Major policychanges in the telephone and postage rates were announced in the Budget. In so doing the Prime Minister breached the long standing practice of affording a royal commission its proper status and jurisdiction. The increases in postal rates and telephone charges, as well as other Budget imposts, are detrimental to people who live, by necessity, in the country. If newspapers continue to use the mail as a means of distribution the projected increase will be so severe that postage on a newspaper delivered by mail to a reader will be much higher than the cost of the newspaper itself. Surely that is a ludicrous situation. The Post Office obviously will lose the regular business that over the year has enabled country readers of newspapers to receive their newspapers at a cost they can afford. This cost has risen quite sharply over the years and newspapers have been required to pre-sort in order to reduce Post Office handling. But these increases in the past have been completely baulked by what we find this Government doing today in what might be described as an operation snide in its concept and completely irresponsible in its approach.

Past increases were fractional compared with that envisaged by the Postmaster-General in his statement to the House on 21 August and which are to take effect within the next 3 years. Coupled with the reduced services one wonders whether the Government has a death wish as it proceeds to price the Post Office right out of the market. More basic than the economics of running the Post Office, however, is the principle of seeing that people are fully informed on matters of importance to them. The local newspaper does this to an extent that no other news media can ever hope to match. It is basic to the democratic processes that people in the country as well as in the cities should be informed. Without communication democracy in its fullest sense is an idle dream.


Mr Mathews - Why should it be subsidised by the Post Office.


Mr Ian Robinson (COWPER, NEW SOUTH WALES) - Why should it be subsidised by the Post Office? What has the honourable member for Casey been doing? Every time he has been on his feet in this House since becoming a member he has been espousing the expenditure of funds in the community interest. I recall his advocacy in matters such as improving the standards of the media in this country. We listened to him speak yesterday about a matter of community concern but he did not have a solution to proffer. We listened to him today and again he had a lot of words to say about matters to which apparently he is dedicated in the community interest. Now he wants to deny completely the right of community interest. Does he want it both ways or does he fail to recognise


Mr Mathews - On the contrary. 1 asked why it should be subsidised by the Post Office instead of by the revenue.

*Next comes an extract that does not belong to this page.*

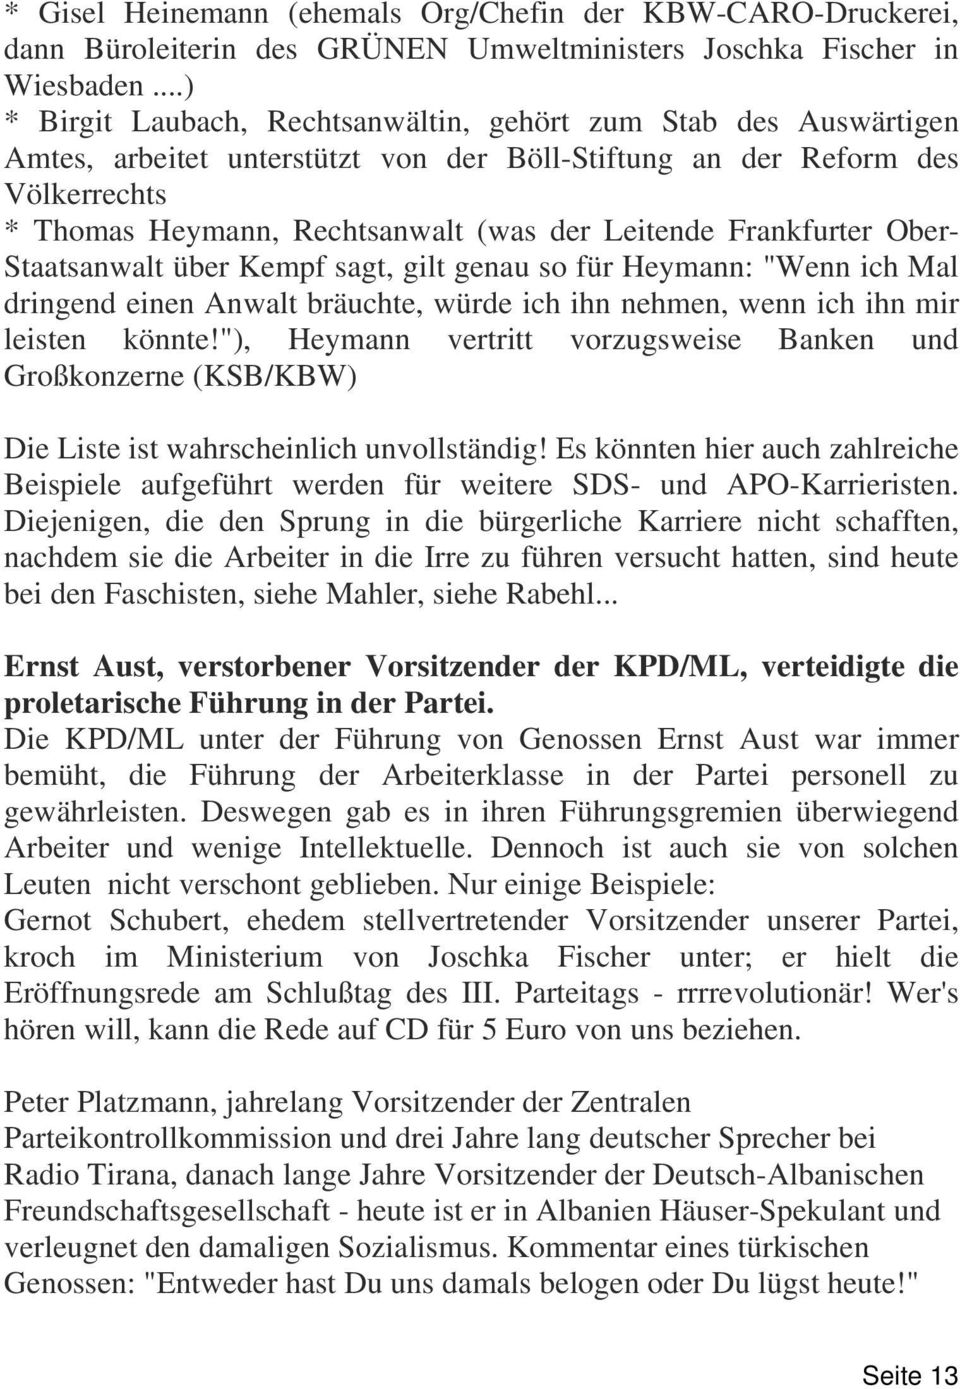 Frankfurter Ober- Staatsanwalt über Kempf sagt, gilt genau so für Heymann: "Wenn ich Mal dringend einen Anwalt bräuchte, würde ich ihn nehmen, wenn ich ihn mir leisten könnte!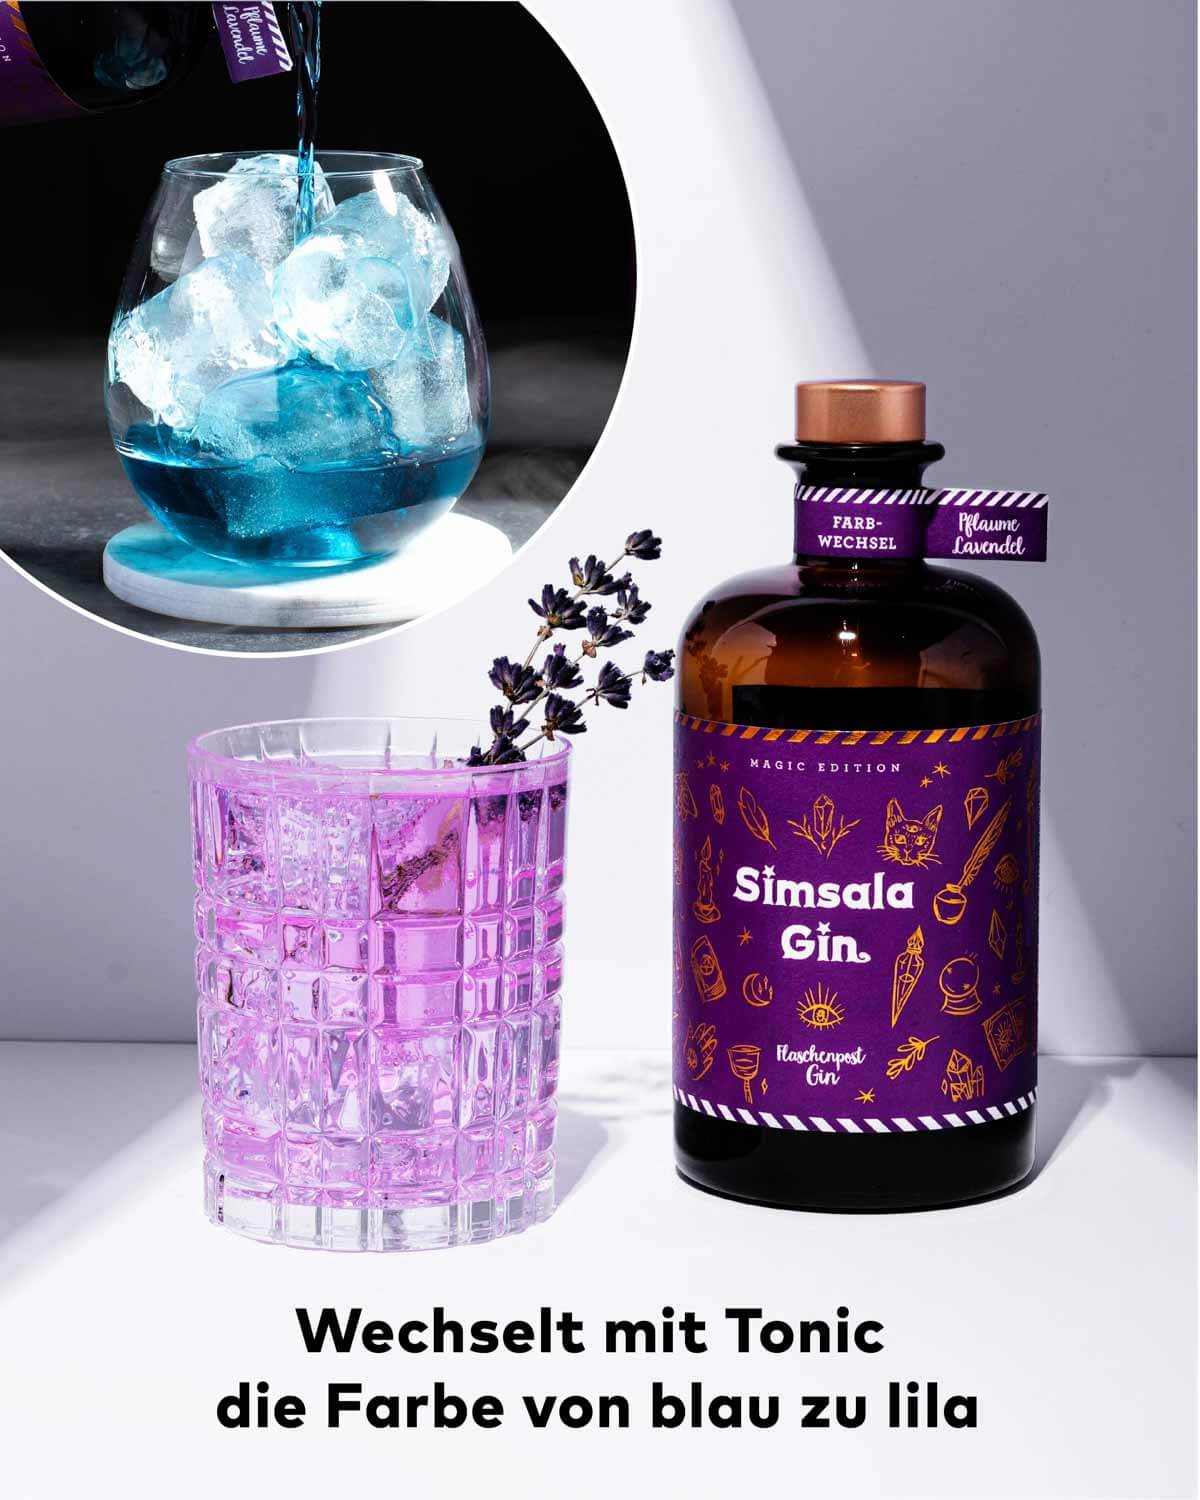 Simsala Gin® by Flaschenpost Gin - Magic Edition mit Farbwechsel

Mr Ian Robinson (COWPER, NEW SOUTH WALES) - That is a matter for you and your Government to determine. The Government has a very clear remedy if it wishes to apply itself. That remedy is to use Treasury subvention to finance losses in the Post Office.

Debate interrupted.

Mr DEPUTY SPEAKER (Mr Berinson)Itbeing 12.45 p.m., in accordance with standing order 106 1 put the question:

That grievances be noted.

Question resolved in the affirmative.